Nvidia-smi says it is "0000:02:00.0" is lost. I guess I am going to have to rotate the newest card with one of the older cards and see if the address changes.

If it does, the new card isn't upto the task(s). or the temperature.

All three cards are pegging 83C. So I tried reducing the available watts to 120 and the cards seemed to all be running cooler. But the problem re-occurred anyway. :(

Darn.
Tom


I got to thinking. Maybe it is a problem with the gpu slot. The pcie x1 slot also has a lot of cables under it. So I am trying mashing all the gpus together and using an external fan on them so they stay "cooler". Will report back.

Tom
A proud member of the OFA (Old Farts Association).
ID: 1976500 · Report as offensive
Profile Tom M
Volunteer tester

Send message
Joined: 28 Nov 02
Posts: 5121
Credit: 276,046,078
RAC: 462
Message 1976501 - Posted: 22 Jan 2019, 23:16:42 UTC - in response to Message 1976479.  

are they plugged directly into the motherboard? or are they running on risers?


Directly into the MB but the bottom slot has a lot of cables under it. I specifically bought a shorter card for that slot but maybe I didn't get it seated well enough.

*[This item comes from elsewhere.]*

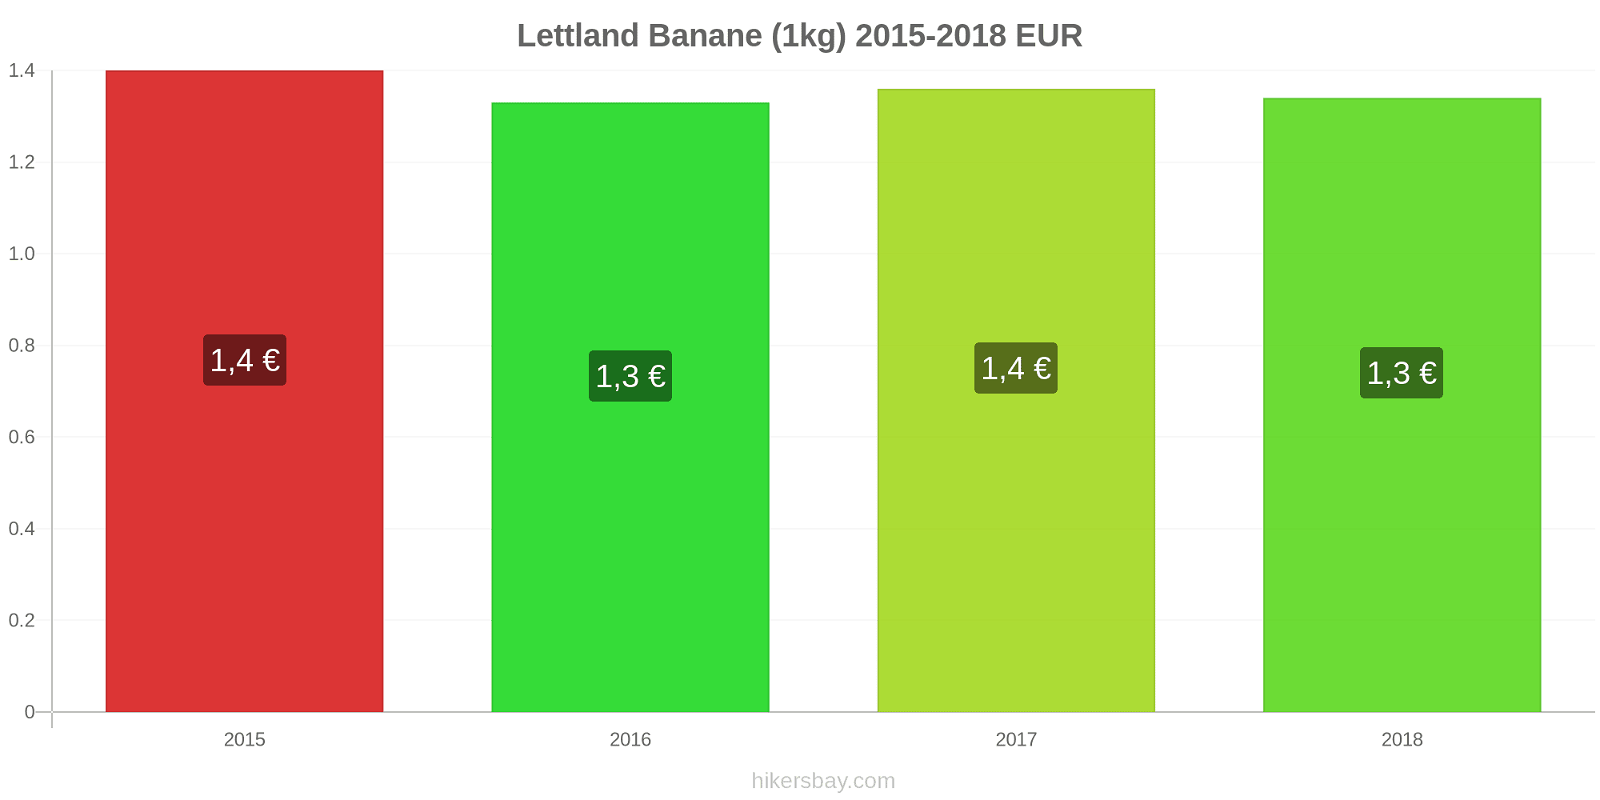 Lettland Preisänderungen Bananen (1kg) hikersbay.com

One other solution that will allow better cooling is move 1 video card outside the chasis. If I can't get them to stay below 80C I will look into that. I did try lower the power limit and it was amazing how much cooler they got. I think the gpus slowed down though.

Tom
A proud member of the OFA (Old Farts Association).
ID: 1976501 · Report as offensive
Profile Tom M
Volunteer tester

Send message
Joined: 28 Nov 02
Posts: 5121
Credit: 276,046,078
RAC: 462
Message 1976502 - Posted: 22 Jan 2019, 23:18:07 UTC - in response to Message 1976403.  

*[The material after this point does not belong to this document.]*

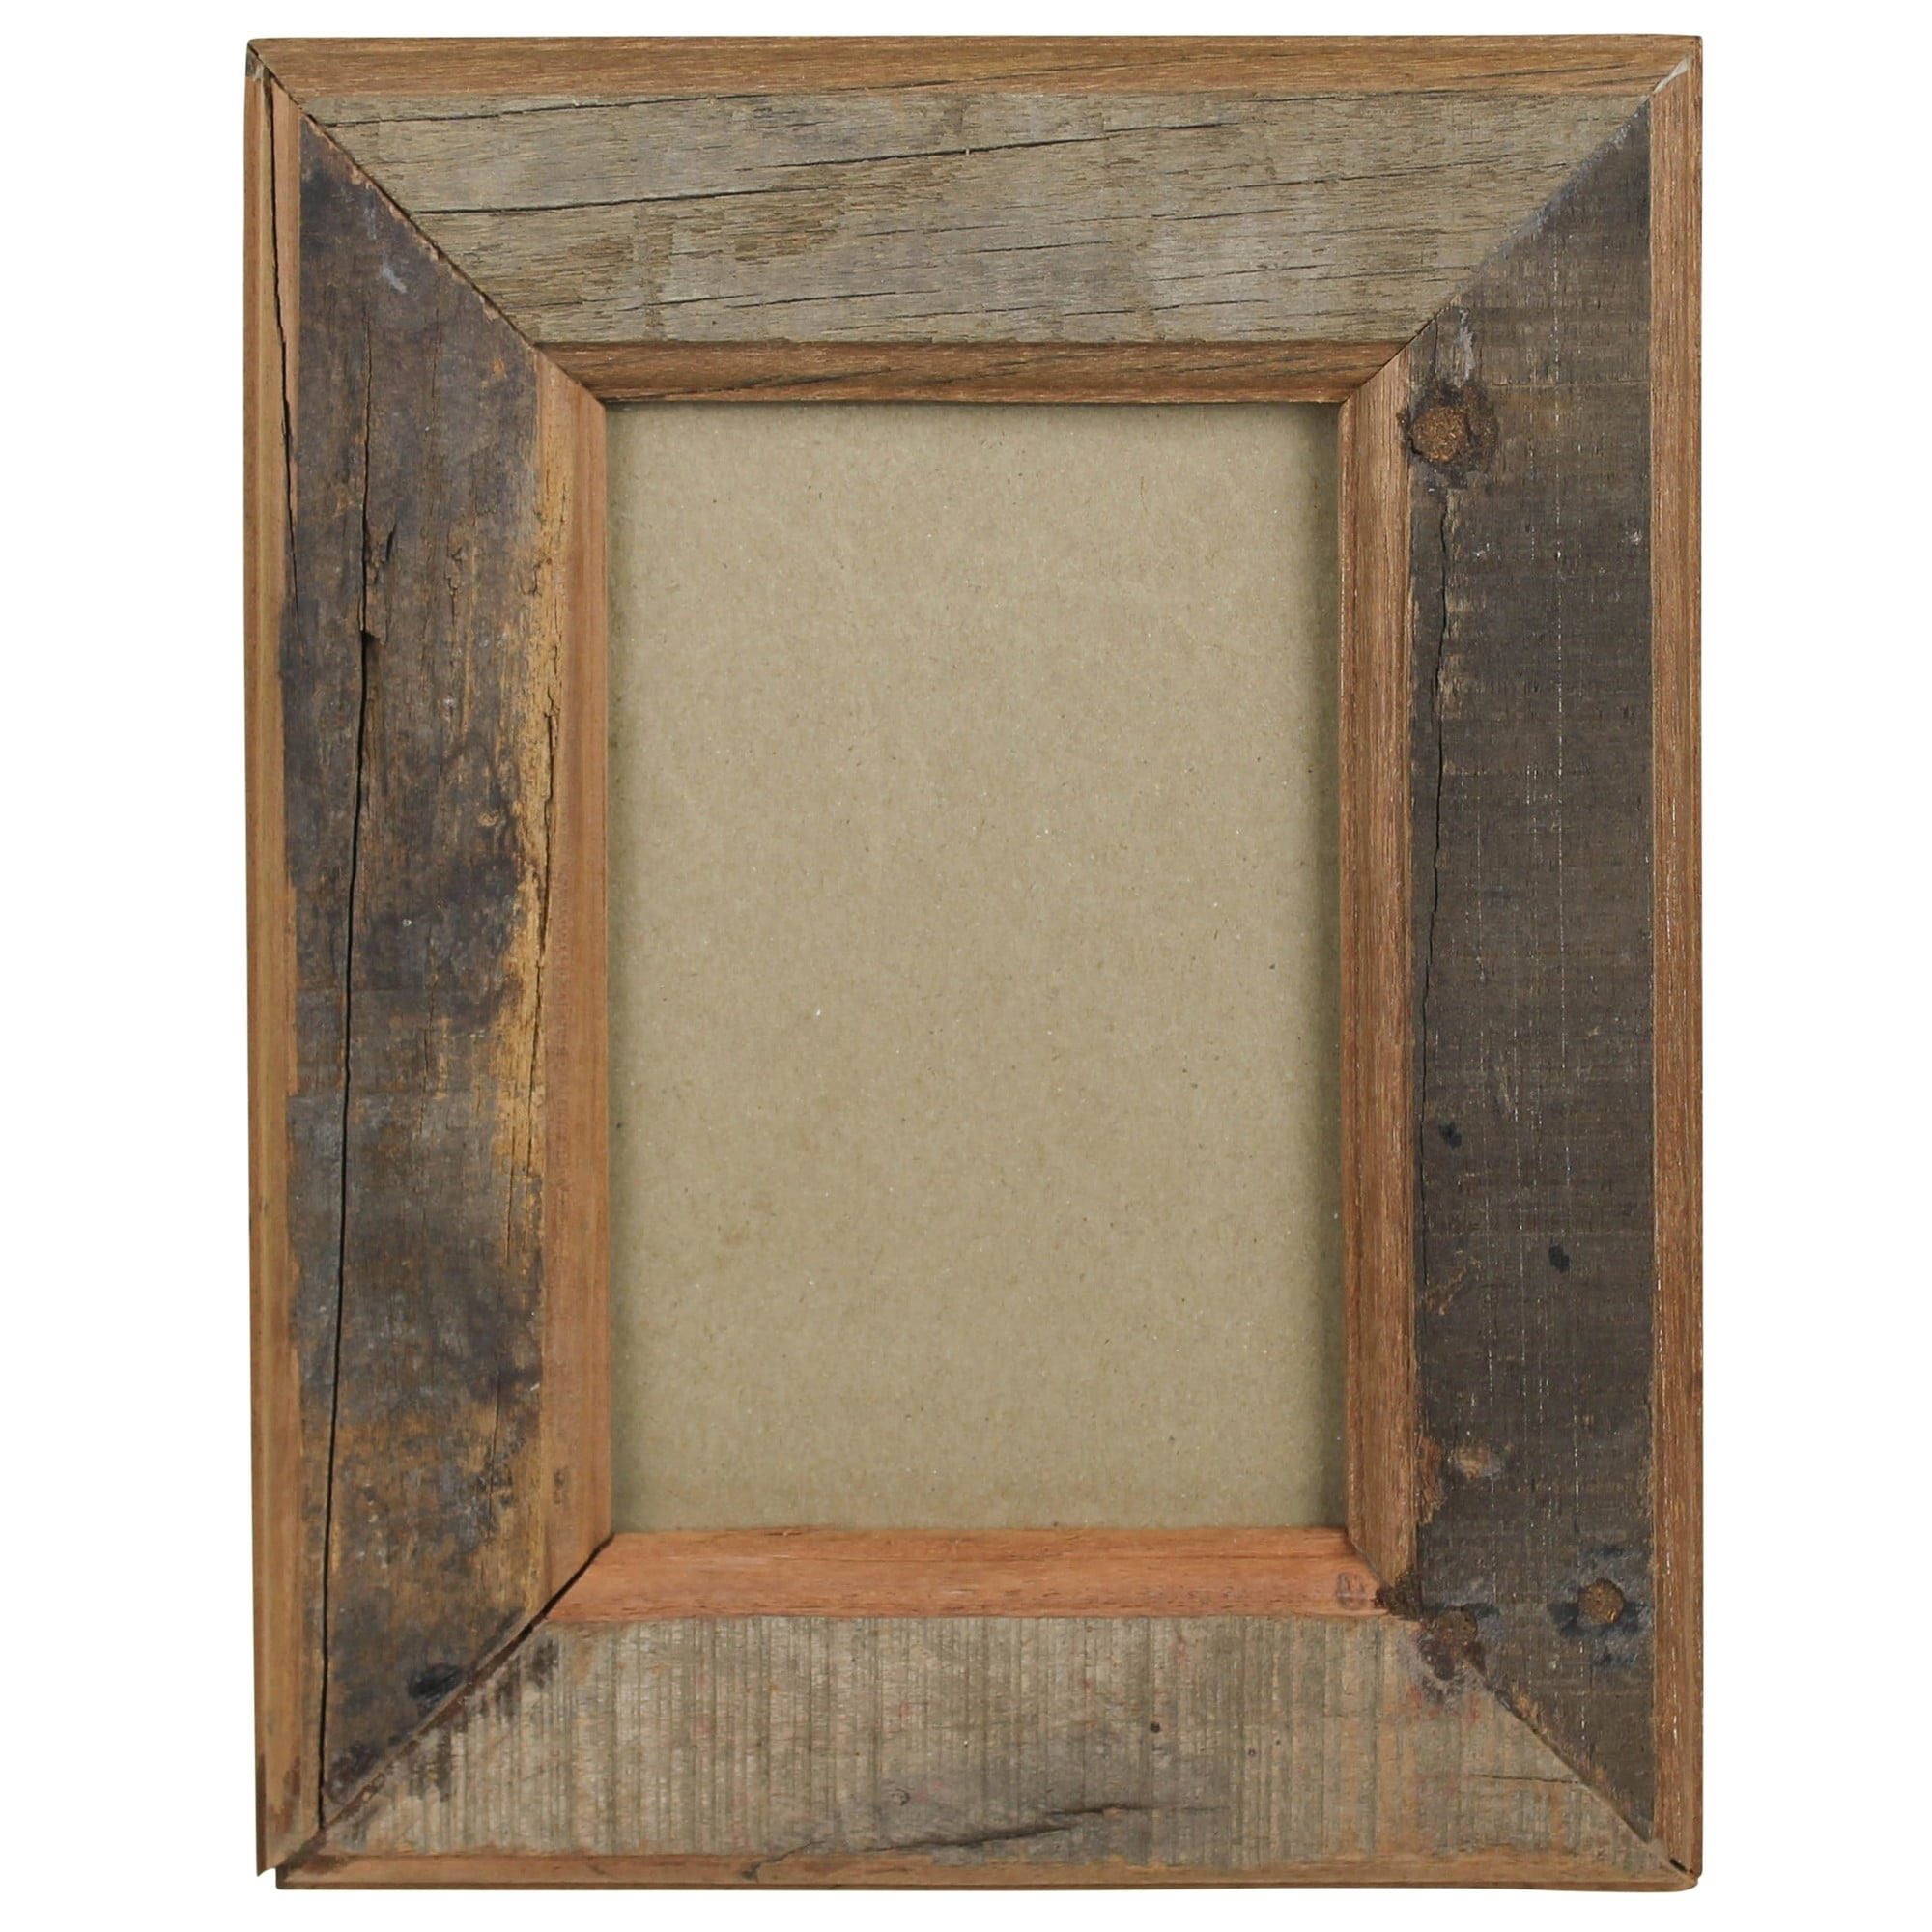 Shabby Chic Rustic Wood Grain Picture Frame Photo Frame Decor Black White Walnut

83C is way to hot. Are they overclocked? Have they adequate cooling air getting to them? Is there adequate space for the exhaust air to get out (and not be drawn back in again)?
The last time I had a GPU drop "regularly" it was down to a faulty PSU which finally blew up taking the GPU it was dropping with it :-(


I expect its not adequate cooling. They are running "stock" so any OC is on their own.

Tom
A proud member of the OFA (Old Farts Association).
ID: 1976502 · Report as offensive
Profile Tom M
Volunteer tester

Send message
Joined: 28 Nov 02
Posts: 5121
Credit: 276,046,078
RAC: 462
Message 1976662 - Posted: 23 Jan 2019, 21:58:31 UTC
Last modified: 23 Jan 2019, 22:01:11 UTC

After running all three gtx 1070 ti's in slots that didn't have cables under them I am reasonably confident that the original issue was not getting the gpu seated into the socket/slot.

With all three gpus cheek and jowl I didn't have an issue with them "dropping out". But everything was even hotter than it had been before.

Except I had to move the 3 fan Gigabyte gpu to the bottom most slot (the MB stands on its side). Because I couldn't get its middle fan of the Gigabyte gpu to stop hitting the next gpu below it. Even tried a wedge :(

So the 3 fan Gigabyte on the bottom was now running 67C, and the middle gpu was running 83C and the "top" one was upto 89C. That was last night. I dropped the watt limit on the "hot" gpu to 120 watts and it got back down to 83C so I left it running last night.

This afternoon I moved the GPU that is in between the other two gpus onto a riser card setup. So far there has been no visible difference in performance.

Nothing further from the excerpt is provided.